These are legitimate concerns and considerations, but it’s also important to note some of the positive benefits your children can derive from this experience. Among other things, they have the opportunity to learn love, show empathy, and to practice compassion for others in ways that others might not. And they will discover firsthand that the value of life is not predicated on a person’s physical or mental condition, but that worth is ascribed by God to every individual and is inherent to every human being.

So how do you help your “typical” children realize these positives and thrive in their current situation? Here are a few things to consider:

  • Talk to your children about their feelings. As in any parenting situation, you have the responsibility to set the tone in your household. One way to do this is to create an environment in which your children can identify and express their feelings. Ask them regularly how they’re doing and be prepared to hear a range of emotions without “correcting” your kids for experiencing them. Let them know that their feelings are normal. For example, a child might express confusion and question why God allowed your youngest to be born with Down syndrome. It’s not wrong for your child to wonder about this, and he shouldn’t be shamed for it. If your child has a tendency to avoid or minimize negative feelings, you may need to explain that it’s normal to feel sadness, disappointment, and even anger at times – and you must be willing to model a healthy balance of your own emotions.
  • Communicate value to each child. You’ll be spending a lot of time tending to the needs of your youngest child-that’s just the reality of the situation. Because time and attention communicate value to a child, devoting these to your son with Down syndrome while “short-changing” the others might be misinterpreted by them as indicating that they are not as important. Giving your kids your attention doesn’t mean you have to spend the exact same amount of time with each one of them. That may not be possible, especially during periods when your youngest child’s needs are greatest. It does mean, however, that being intentional about dedicating quality and quantity time to each child is especially important. Consider ways you can spend time doing things that are important to each of your kids. If one child is involved in sports, attend her meets or games. Another child might enjoy a hobby such as art. Connect with her on that level, perhaps by taking an art class with her or visiting museums together.
  • Don’t make your other kids “caretakers” of the child with special needs. Older children can have an age-appropriate and valuable role in caring for the needs of younger siblings. But we would urge you not to request or require older brothers and sisters to provide the type of care that an adult caregiver should provide. Your other children are just that – children – and need the freedom to be kids.
  • Realize that a child with special needs is
    part of the family – not the family
    . There will be times when the rest of the family wants to do something that might not be easy or possible for a child with special needs. For instance, a family may enjoy the theater together, but a child with certain special needs may find it difficult or impossible to sit quietly through a performance. In this case, instead of the family forsaking all hope of ever going to a play, it would be best to find care for the child with special needs for an evening so that everyone else can enjoy the outing.
  • To the extent that it’s possible, extend your expectations for appropriate behaviors to all members of the family. There are limitations here, of course, depending on the nature and intensity of a child’s special needs. But having some set of standards that apply to all your children not only gives them a sense that they are being treated fairly, but encourages the child with special needs to develop self-control and lets him realize that he can and should behave appropriately. If, for example, you expect members of the family to sit at the dinner table until everyone is finished eating, it would be appropriate to teach a child with a developmental challenge to follow the same rule. Again, certain special needs and challenges can make it difficult to teach or enforce some household policies, but setting rules that apply to all helps make everyone feel like they are on the same team.
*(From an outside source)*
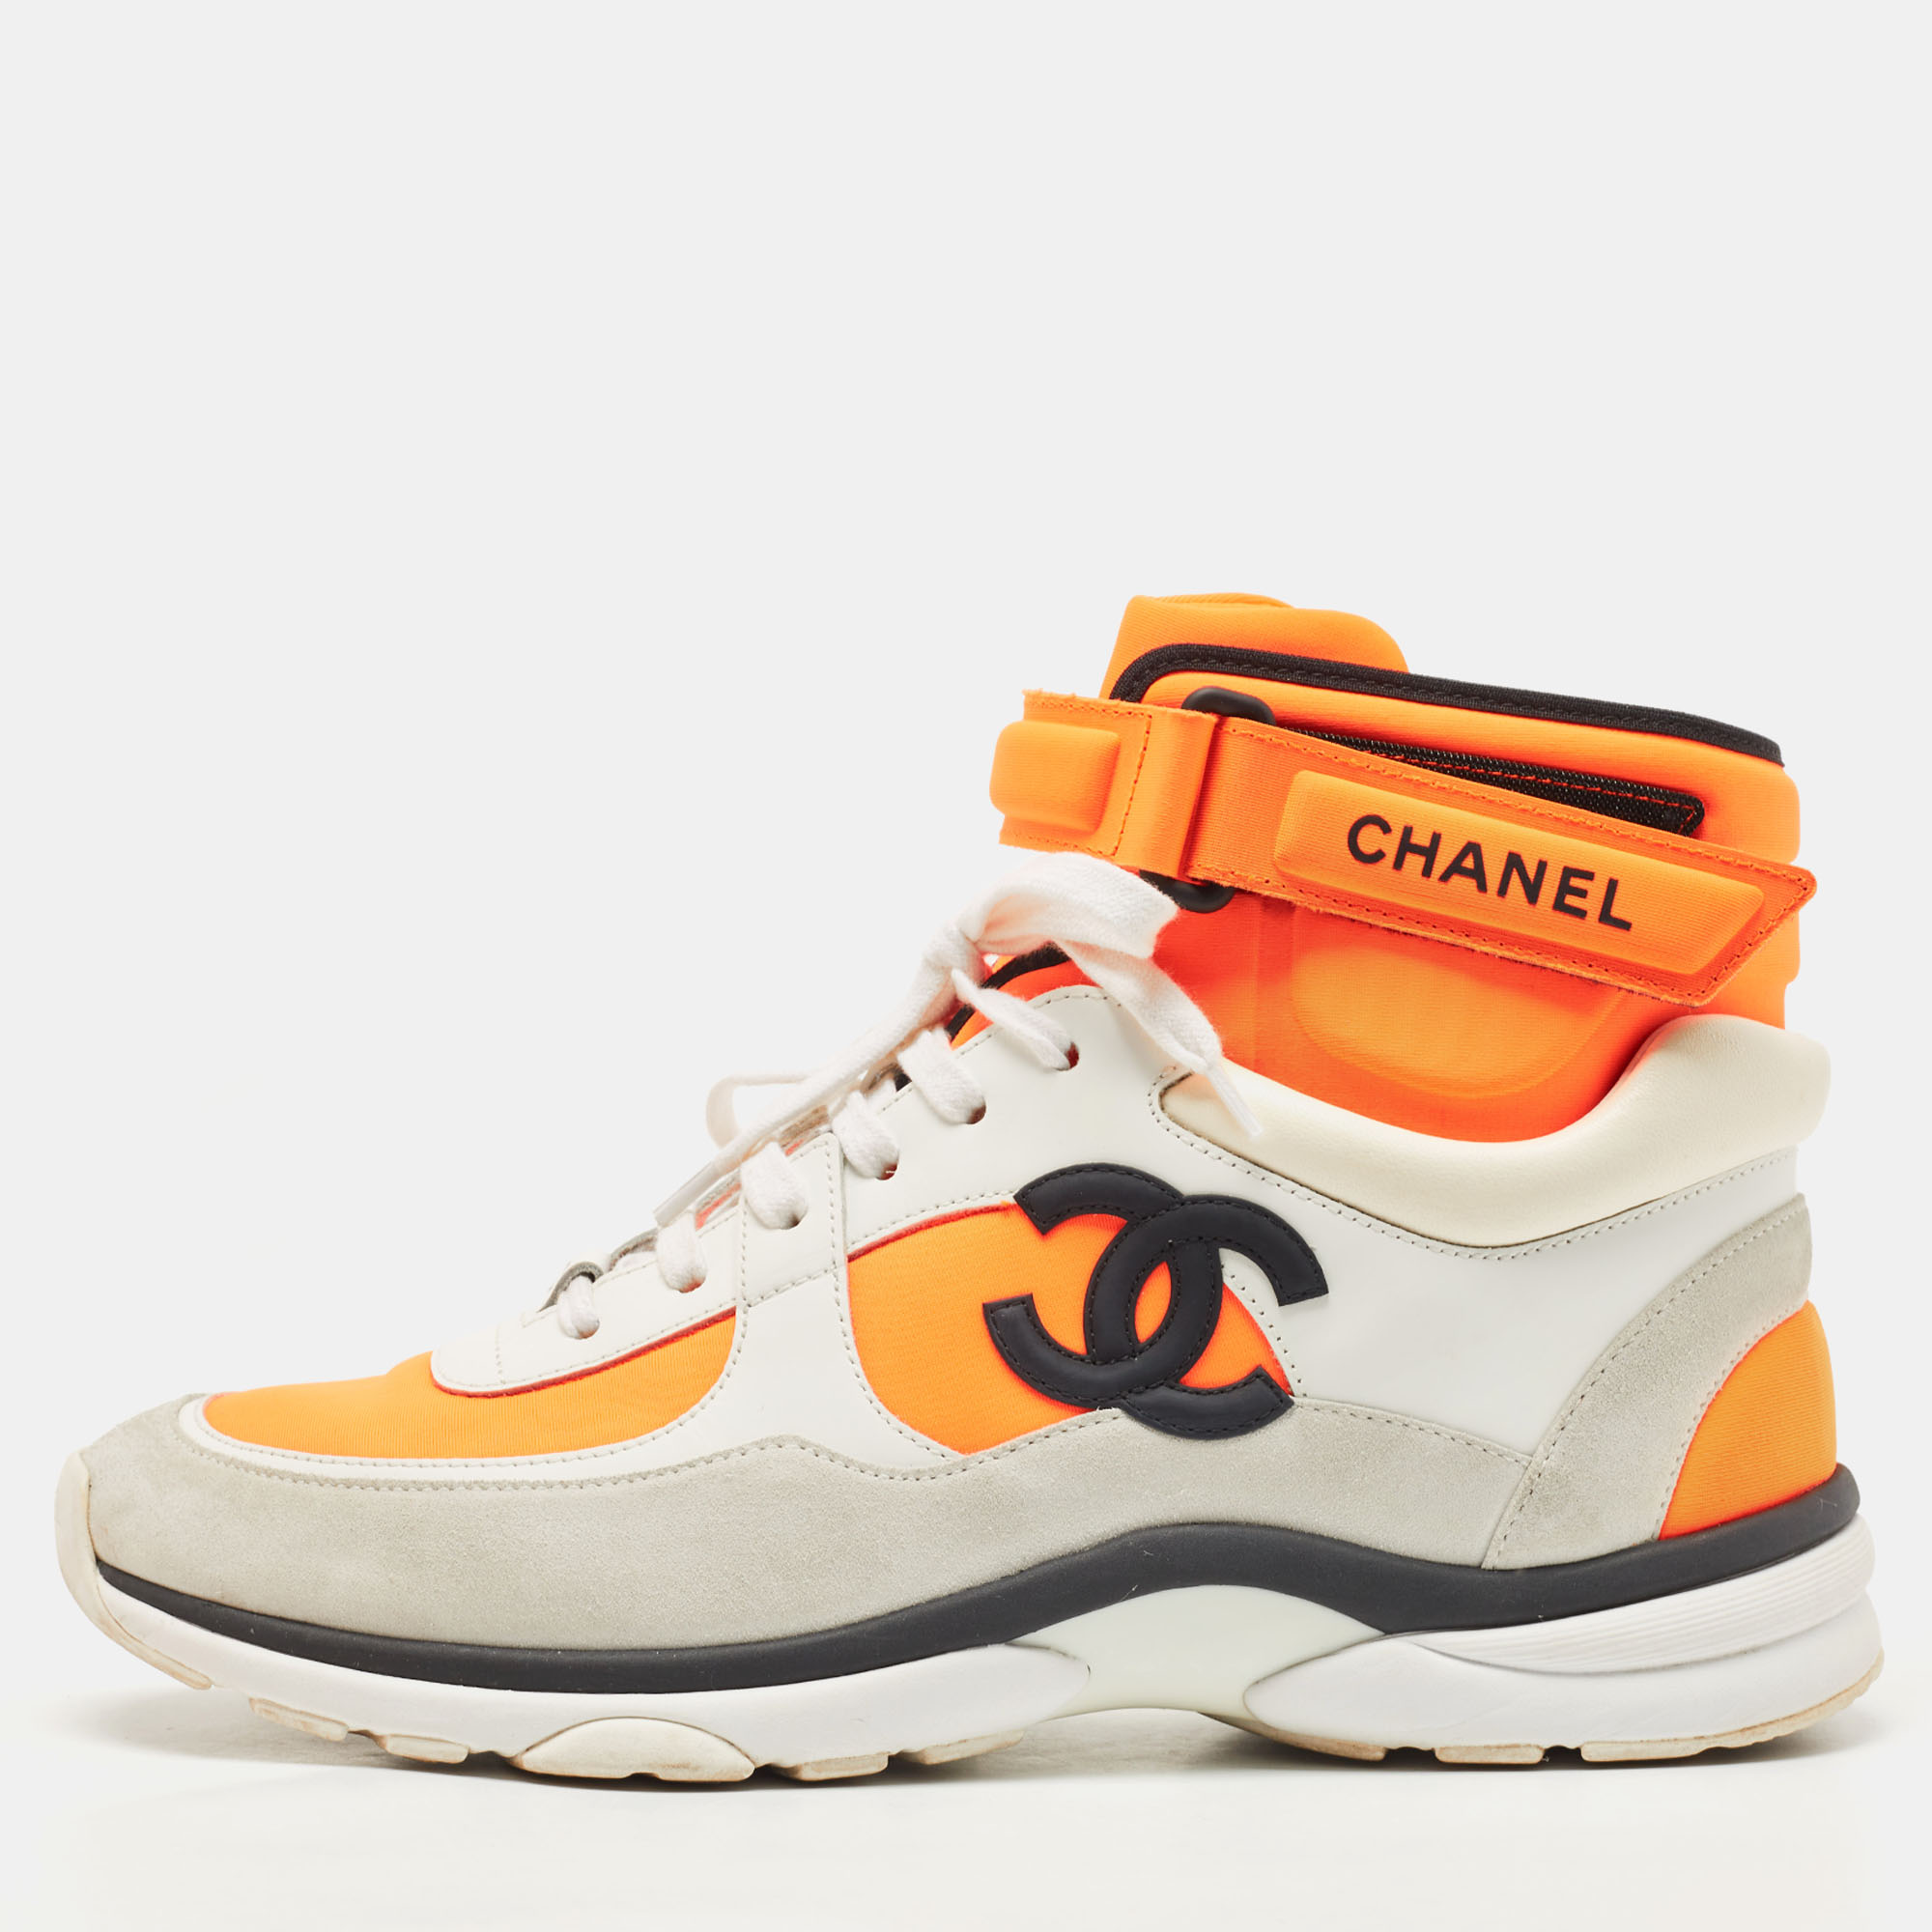 Chanel Sneakers Shoes Mens EU 44  US Size 11 pvc  eBay

If you think it might be helpful to discuss your concerns, call our Counseling staff for a free consultation.

 

Resources
If a title is currently unavailable through Focus on the Family, we encourage you to use another retailer.

Focus on the Family Complete Guide to Baby & Child Care

Different Dream Parenting: A Practical Guide to Raising a Child With Special Needs

Empowering Your Child Who Has Special Needs

Helping Your Kids Deal With Anger, Fear, and Sadness

Referrals
Camp Barnabas

Joni and Friends

Articles
Siblings’ Needs

Copyright © 2014, Focus on the Family.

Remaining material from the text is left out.